All of the entries should be restated word for word, but without their pictures.
>>>>
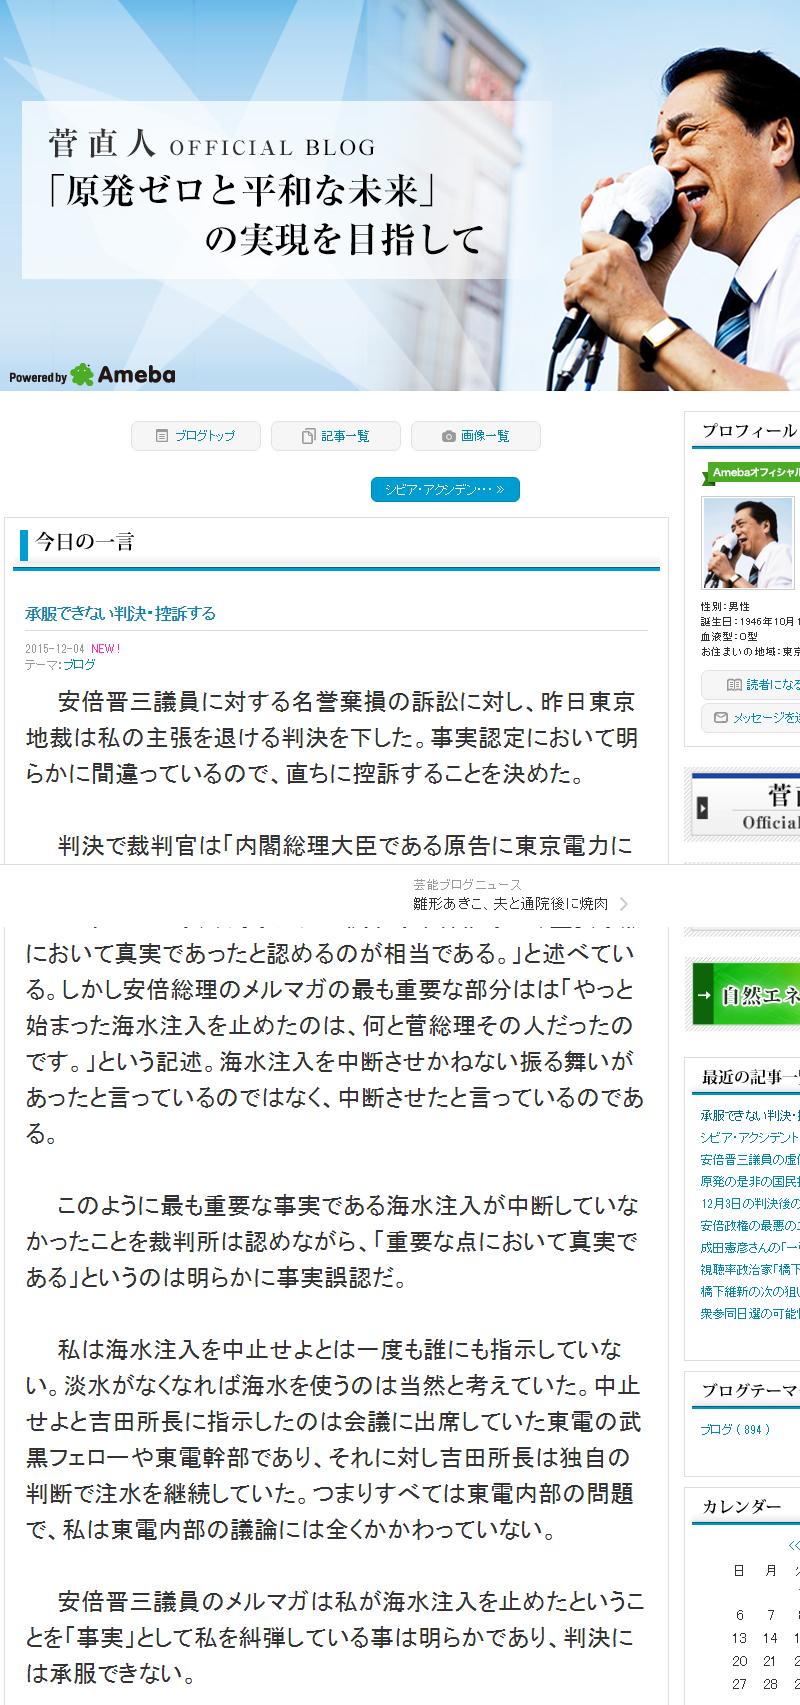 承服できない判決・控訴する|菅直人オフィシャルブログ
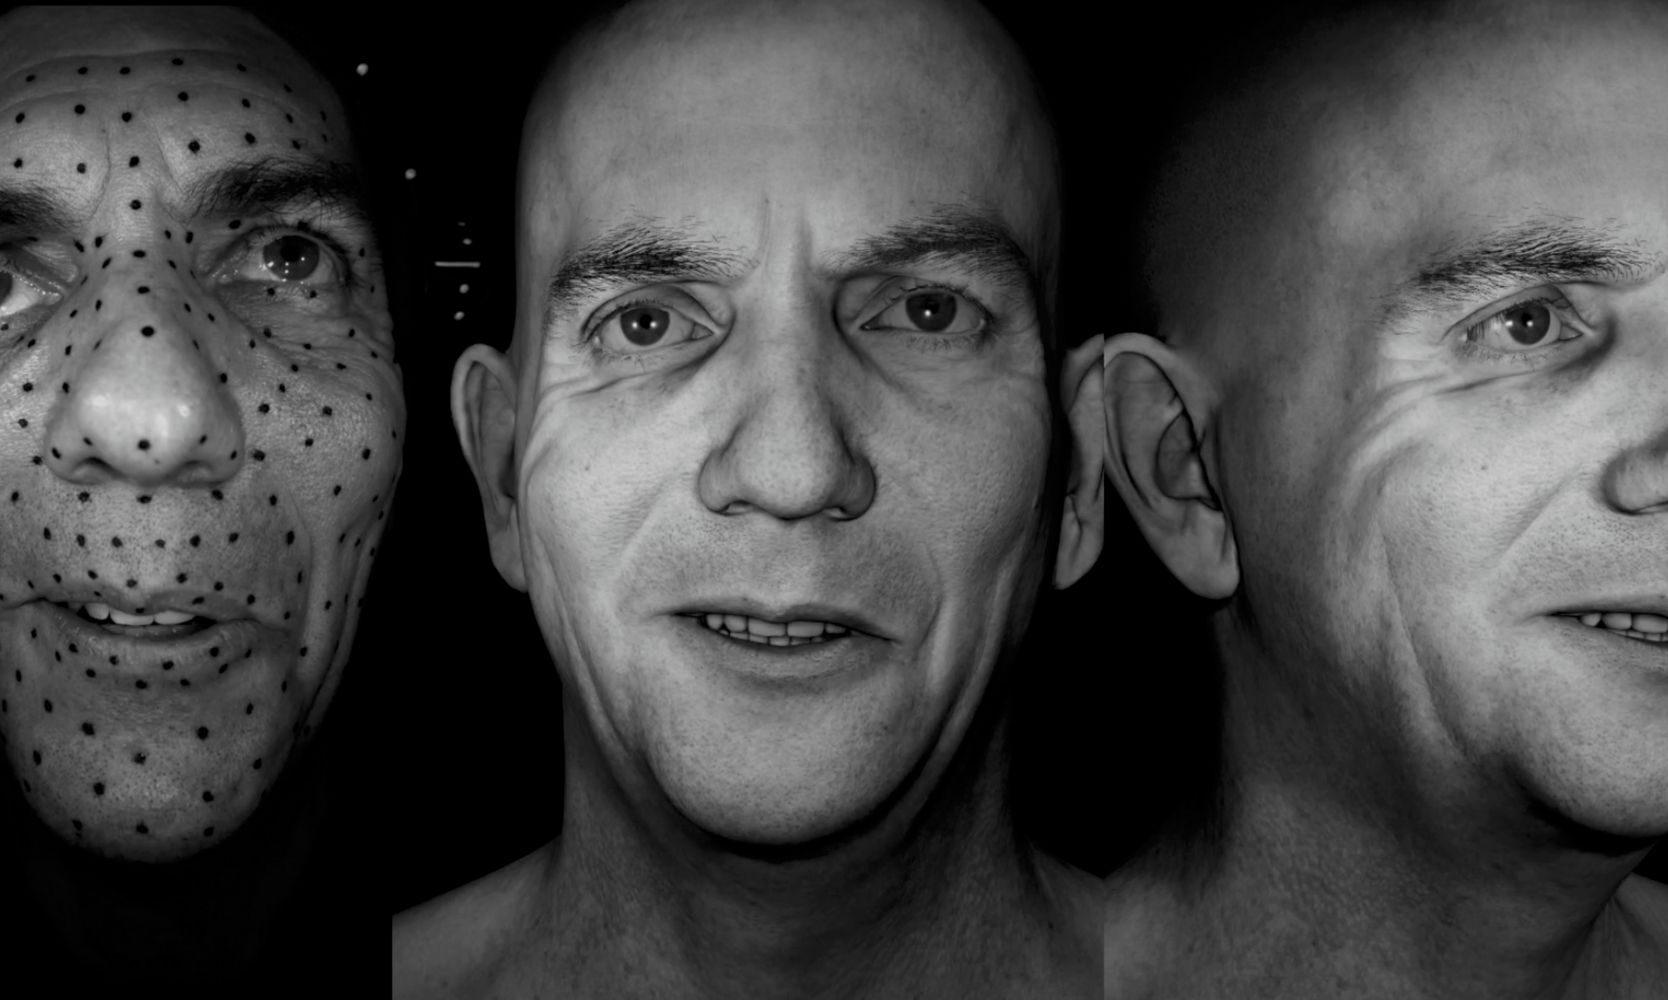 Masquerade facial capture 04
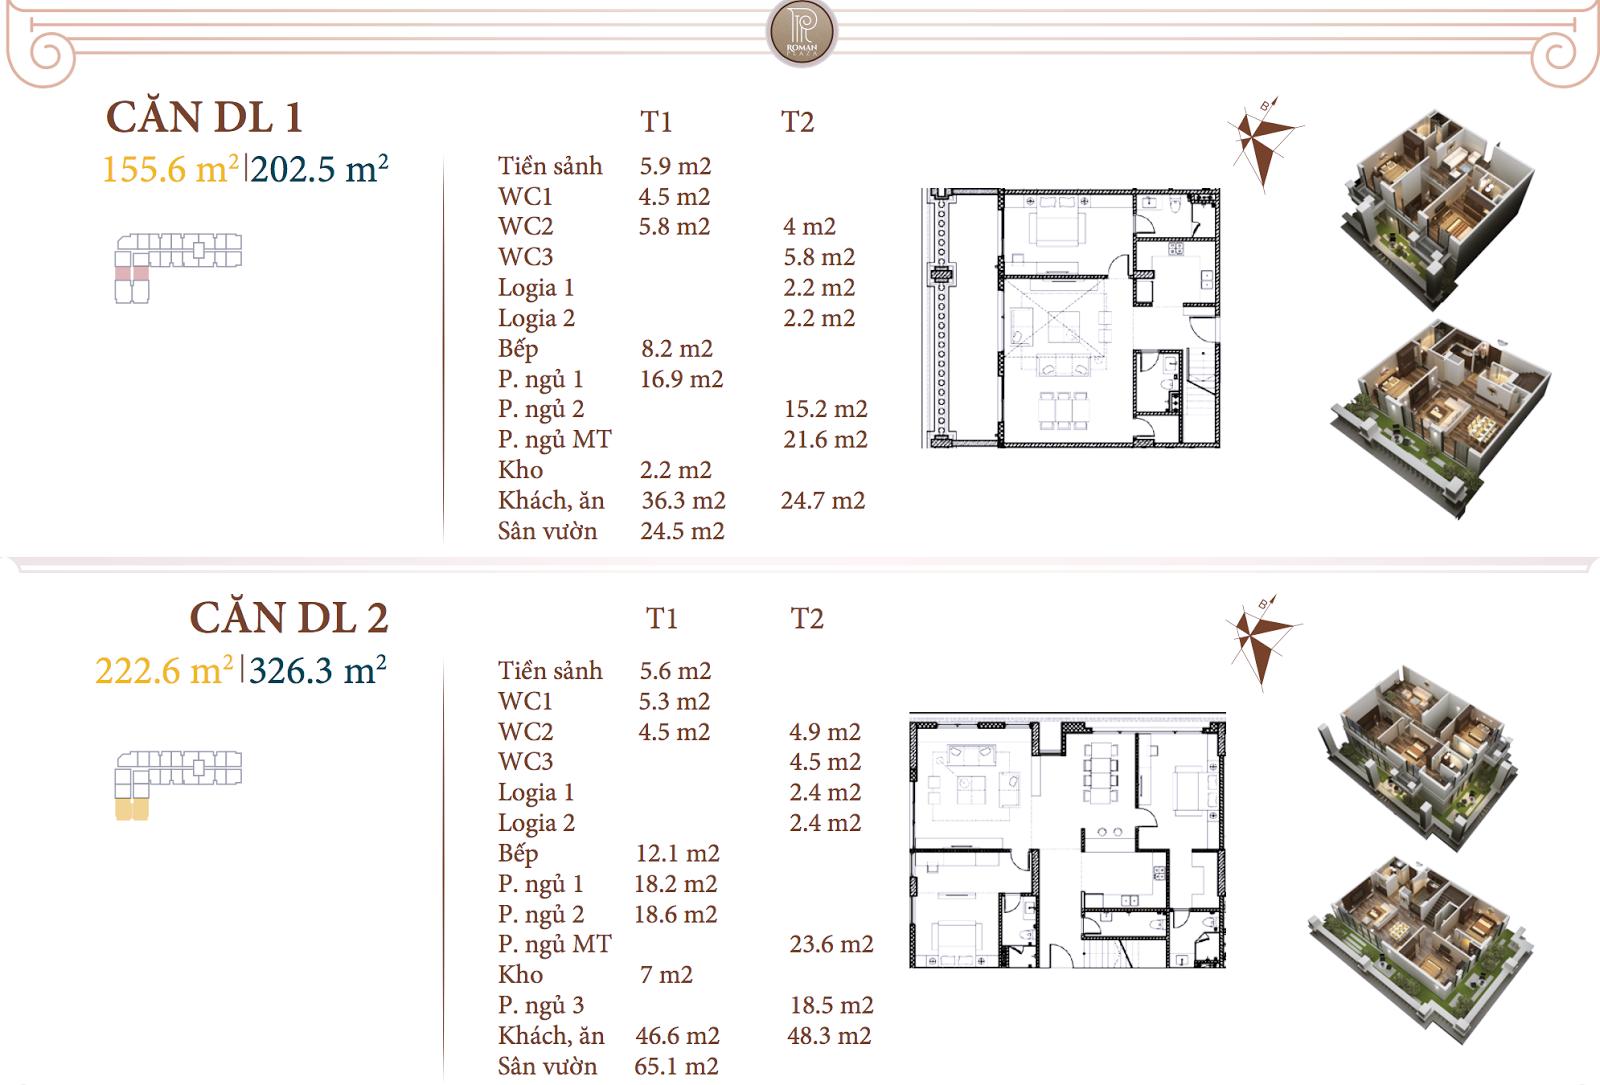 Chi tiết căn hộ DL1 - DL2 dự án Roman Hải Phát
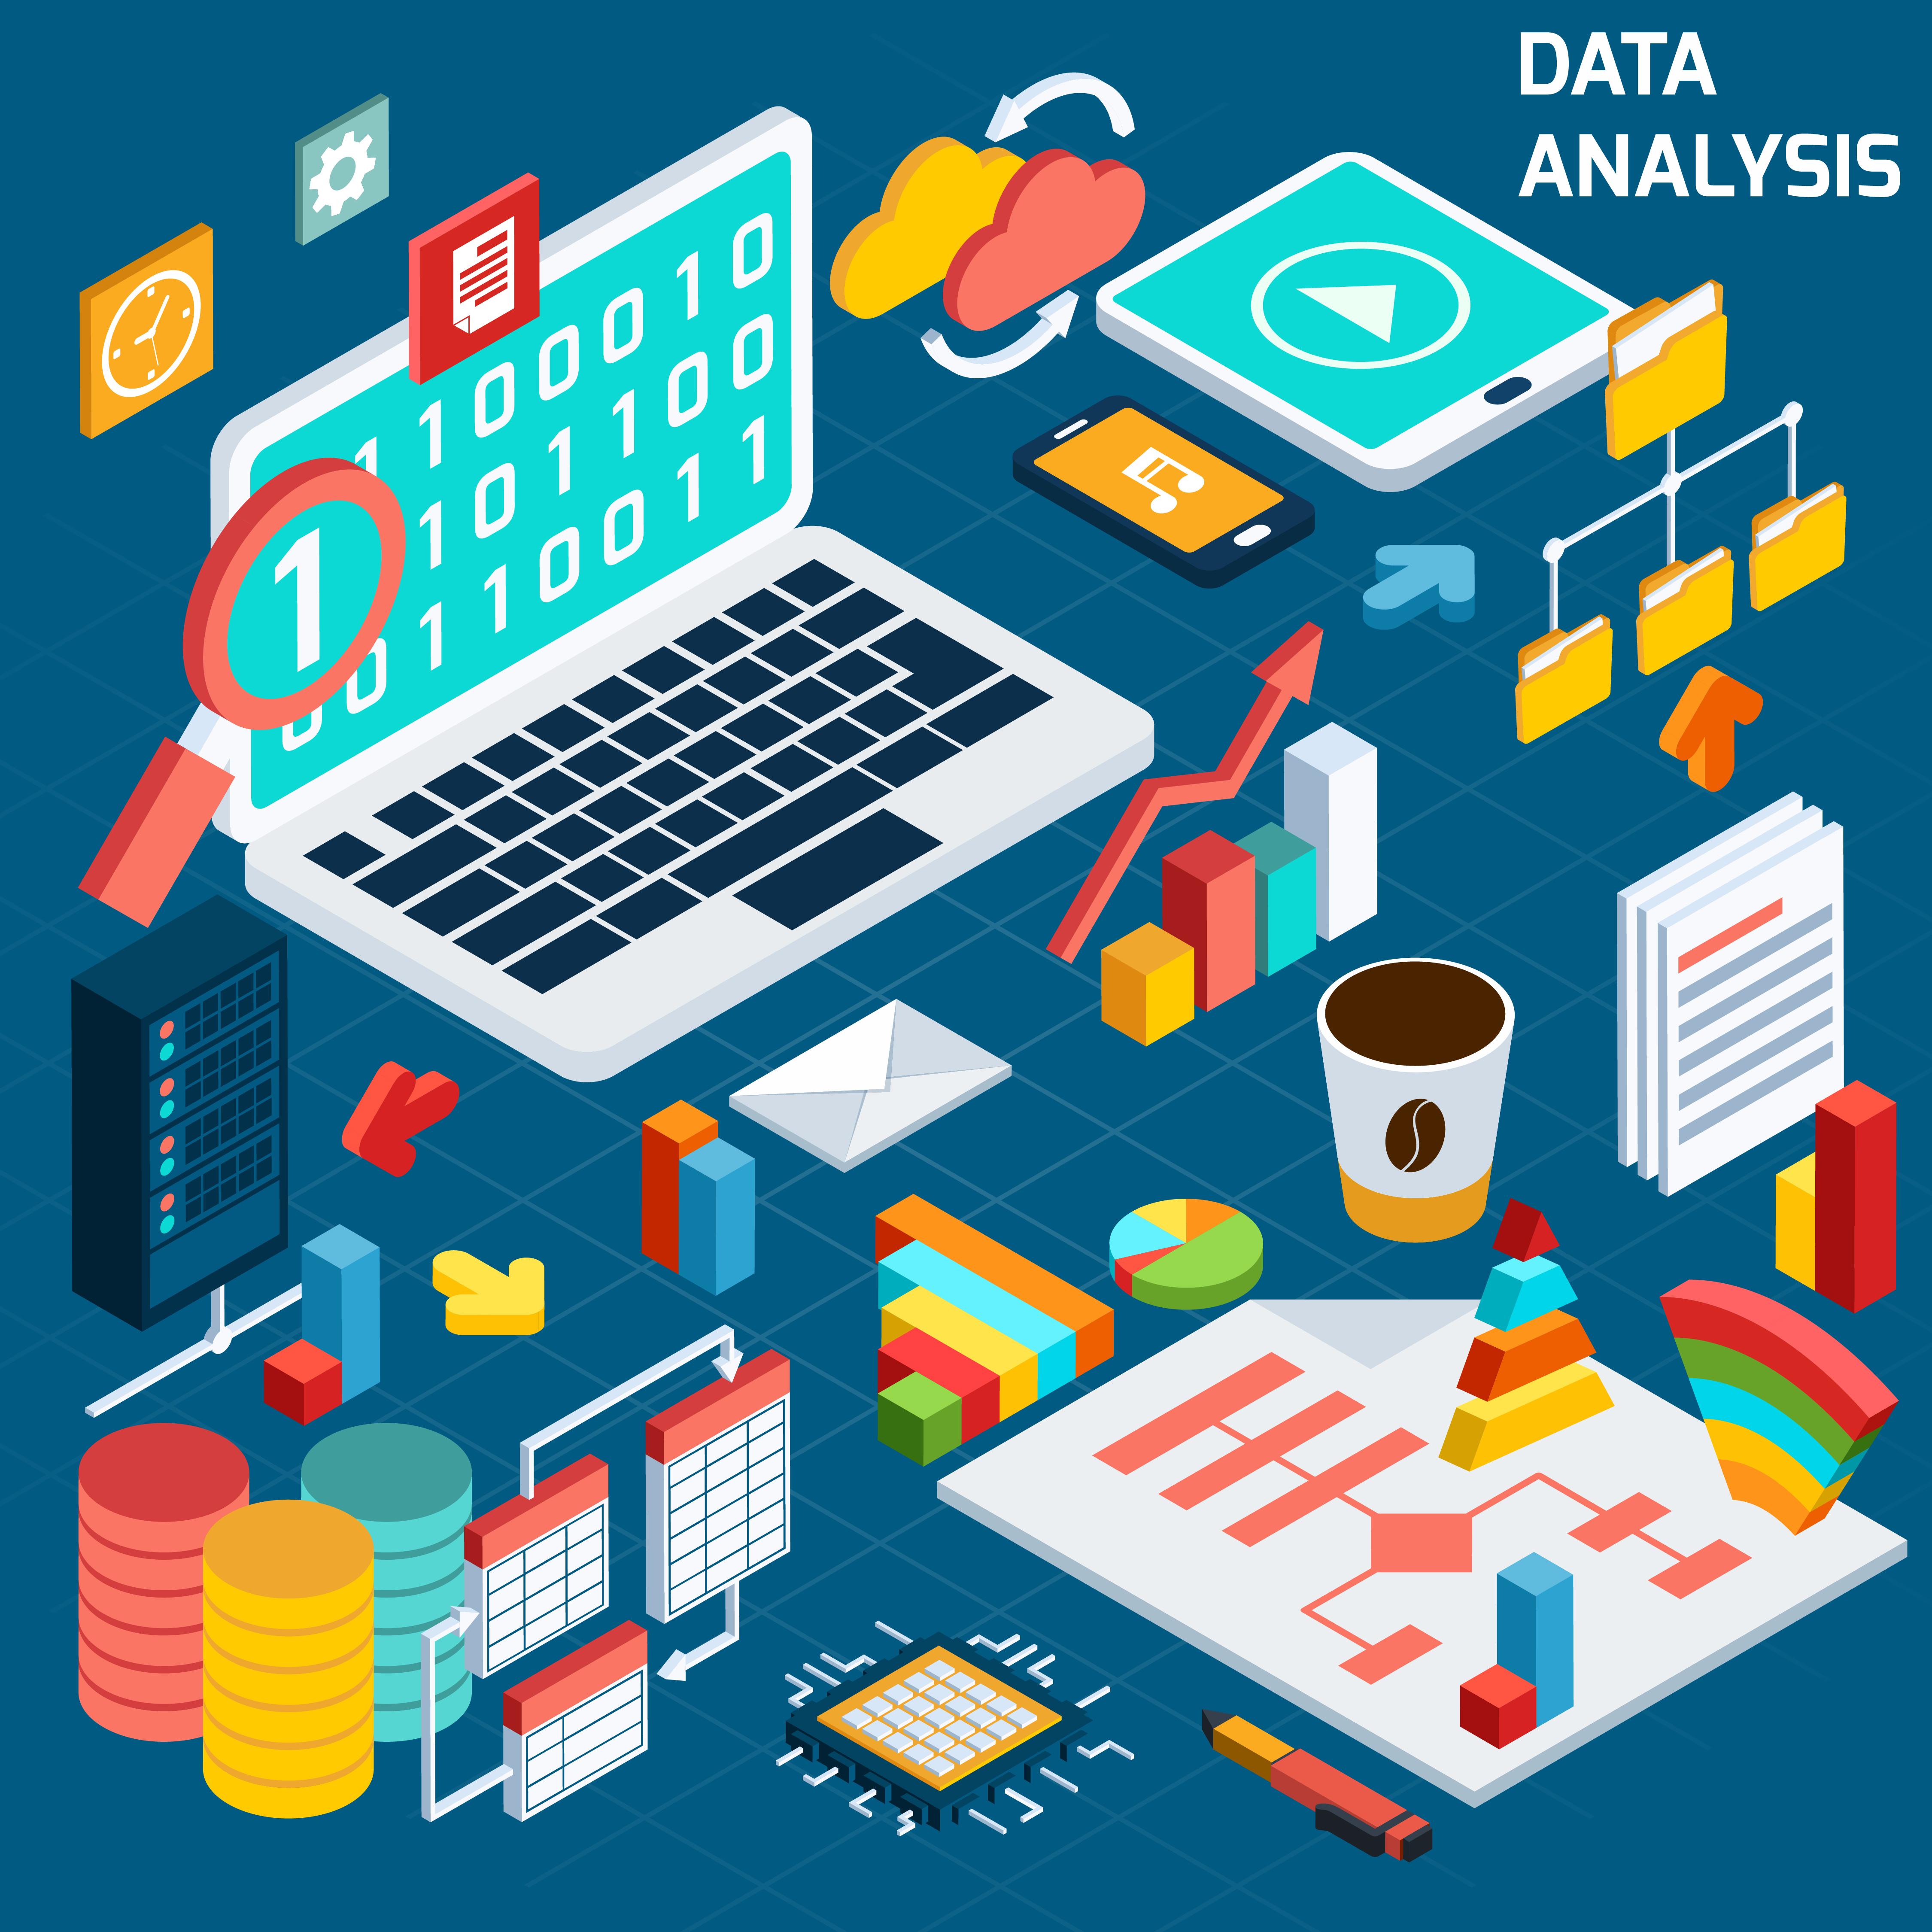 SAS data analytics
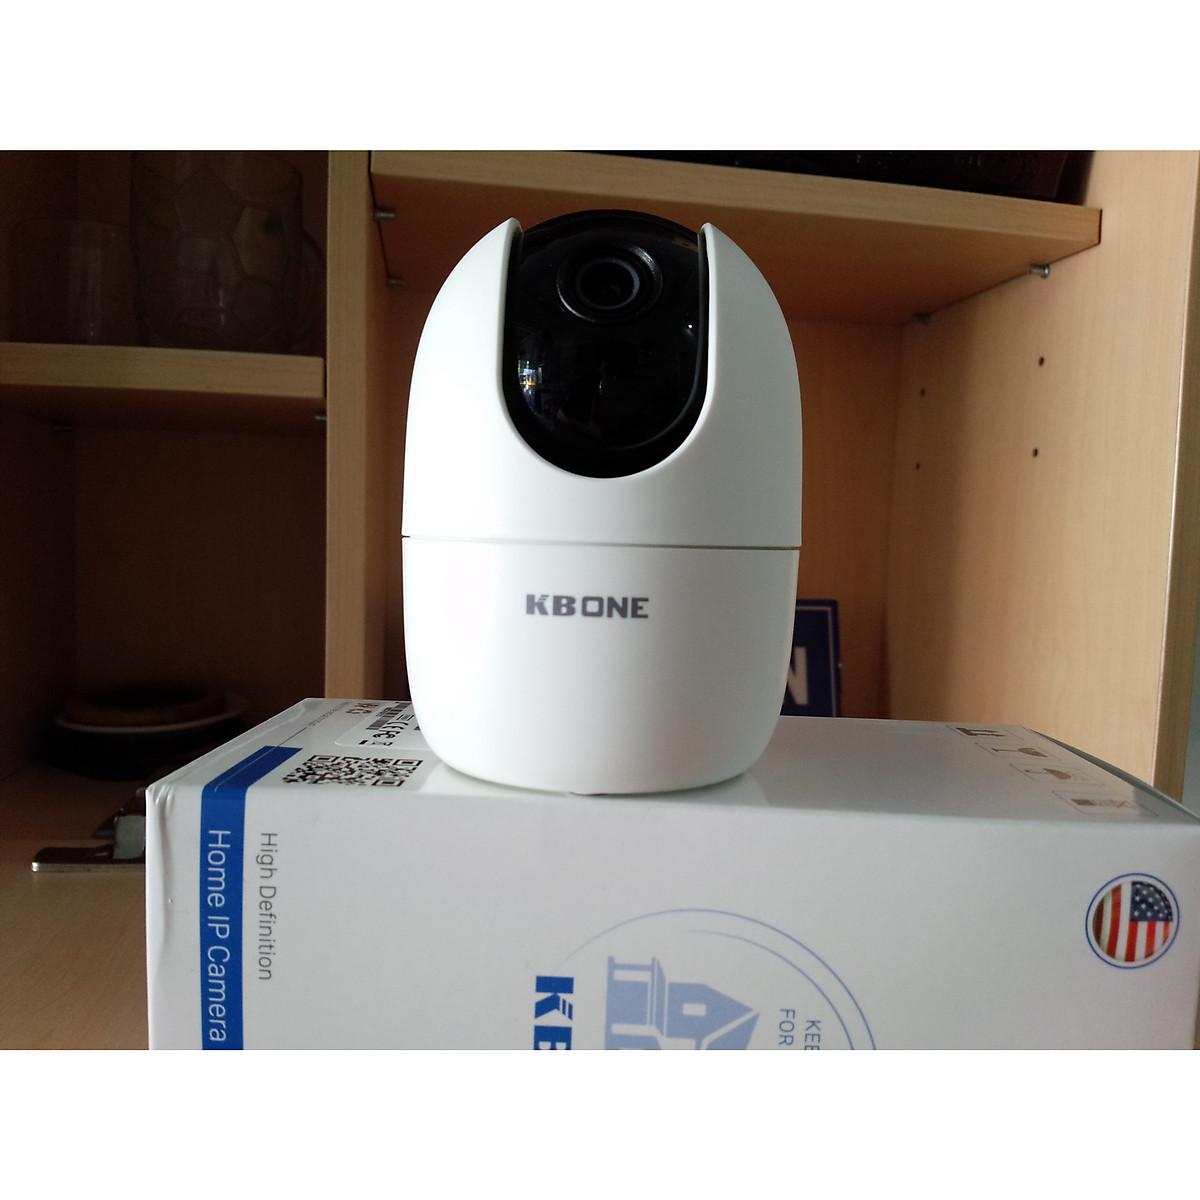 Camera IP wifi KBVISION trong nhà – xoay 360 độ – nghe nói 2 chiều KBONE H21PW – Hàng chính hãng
<<<<
_OUTPUT FOR THIS EXERCISE:_
 承服できない判決・控訴する|菅直人オフィシャルブログ
 Masquerade facial capture 04
 Chi tiết căn hộ DL1 - DL2 dự án Roman Hải Phát
 SAS data analytics
 Camera IP wifi KBVISION trong nhà – xoay 360 độ – nghe nói 2 chiều KBONE H21PW – Hàng chính hãng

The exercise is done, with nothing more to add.